Figure 10-1 Schematic drawing of an antibody. The antibody molecule is composed of light (short) and long (heavy) chains. The N-terminus region contains the complimentarity defining regions which are highly variable giving the antibody the potential to bind to a nearly infinite number of foreign antigens. Near the C-terminus the constant region contains the FC receptor which is recognized by host immune cells and initiates further host responses against the antigen.

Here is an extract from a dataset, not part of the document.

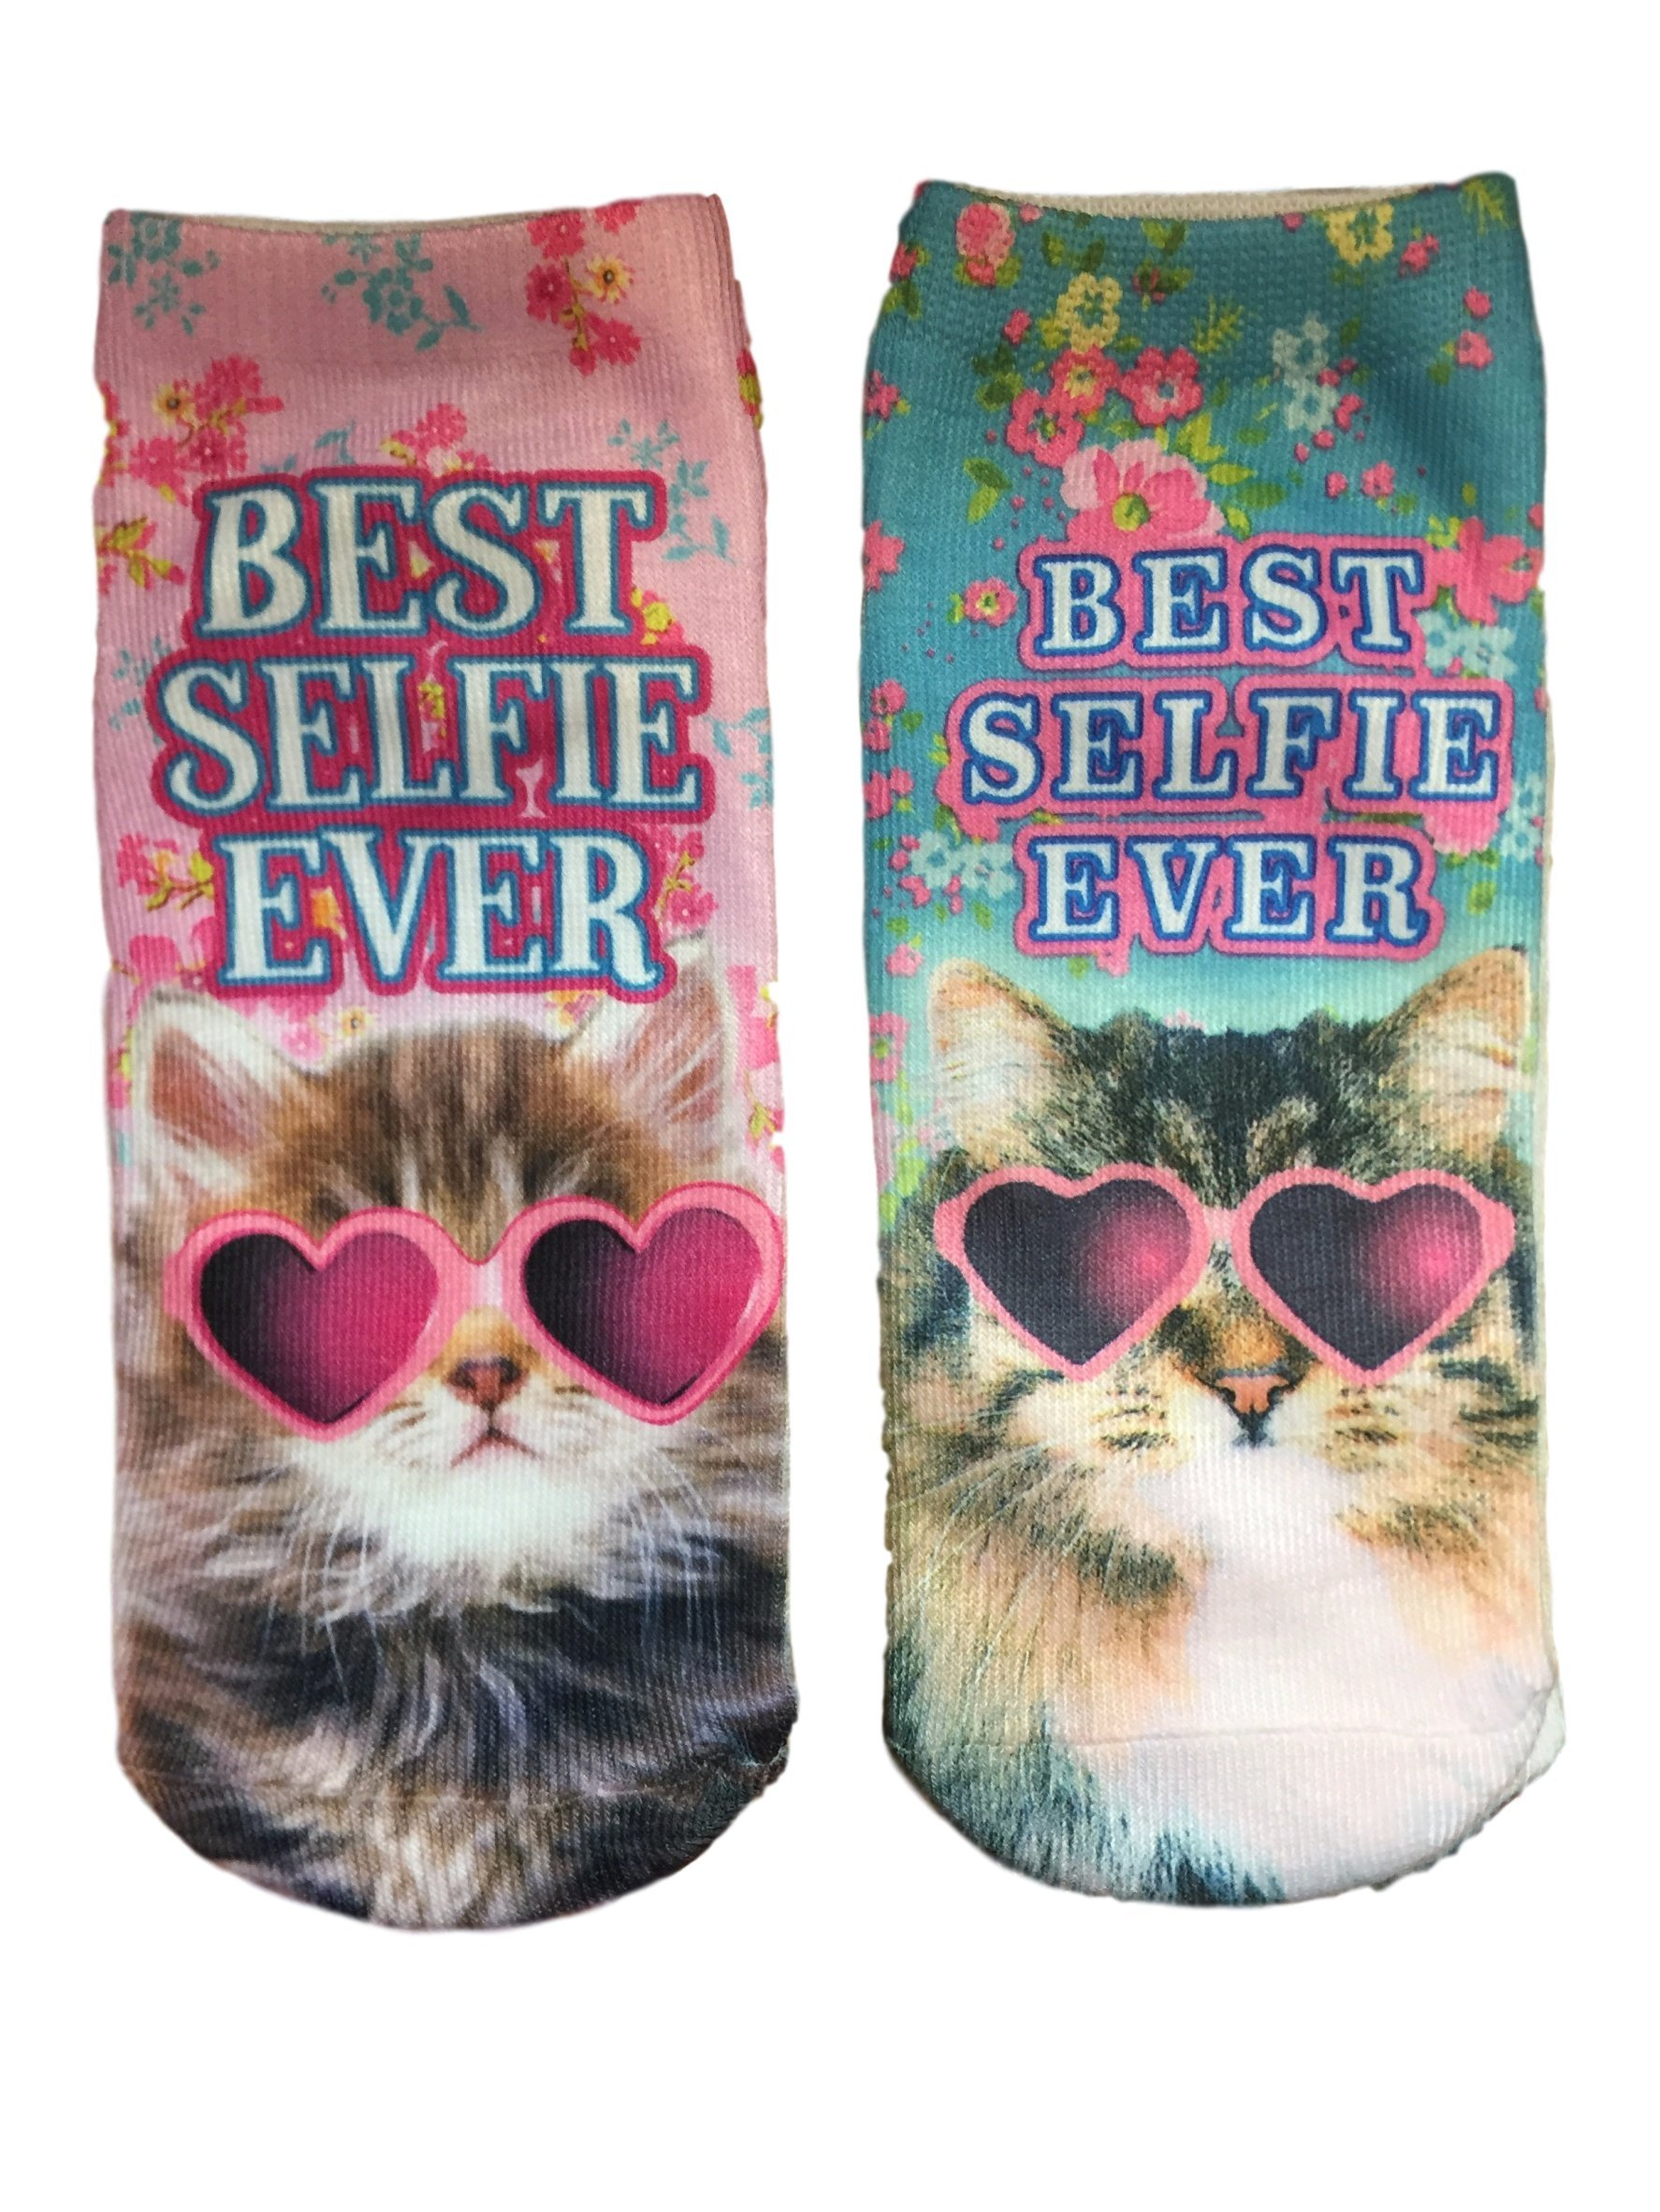 HARAJUKU Printed Socks Best Selfie Ever Cat in Heart Shaped Sunglasses
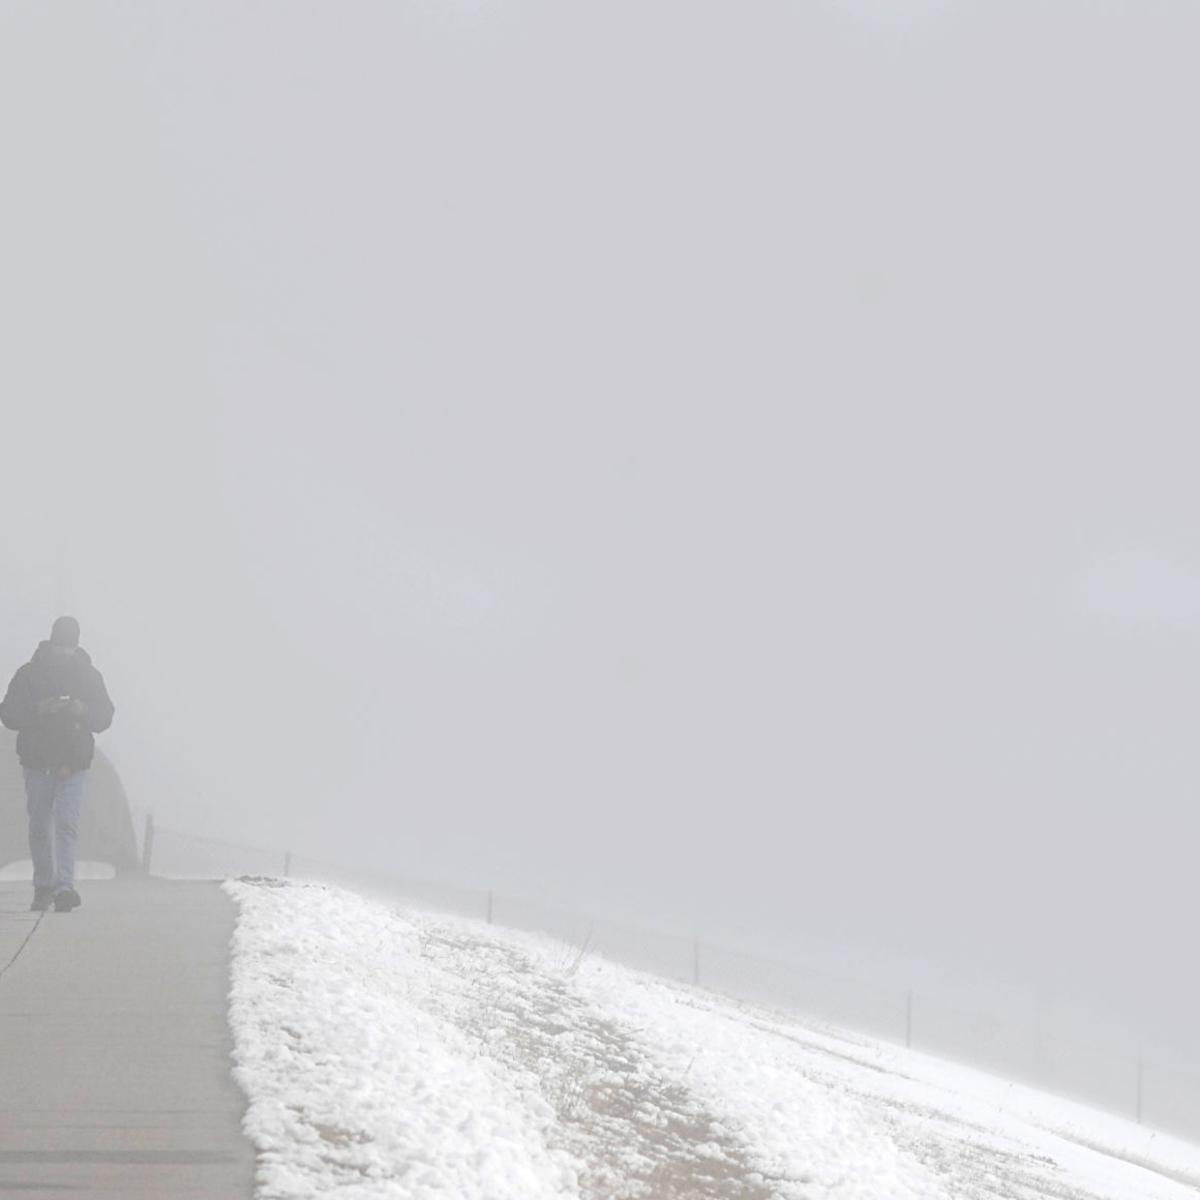 Snow, freezing rain to impact Bismarck, Mandan | Local news

Both B and T cells can recognize any antigen that might possibly be encountered, including synthetic antigens that do not exist in nature. How such a vast array of receptors could exist was a puzzle to immunologists during the many years when it was believed that each unique antibody molecule was encoded by its own gene, because there is not enough DNA in the entire body to code for one gene for each possible antibody. The key to this diversity was determined first for B cells (Figure 10-1), and subsequently shown to apply to T cells (Figure 10-2) as well. One section of the receptor protein consists of relatively constant amino acid sequences that are shared by many receptors and coded for by a small number of genes. The second section is a highly variable part of the receptor
that recognizes the vast diversity of antigens which is created by allowing rearrangement of gene segments to generate a huge number of permutations (Box 10-5). The genes coding for the constant and variable segments are assembled within a given B or T cell into a single DNA sequence that codes for the final receptor molecule that will be expressed by that cell (see Box 10-7 for a more detailed description of this process).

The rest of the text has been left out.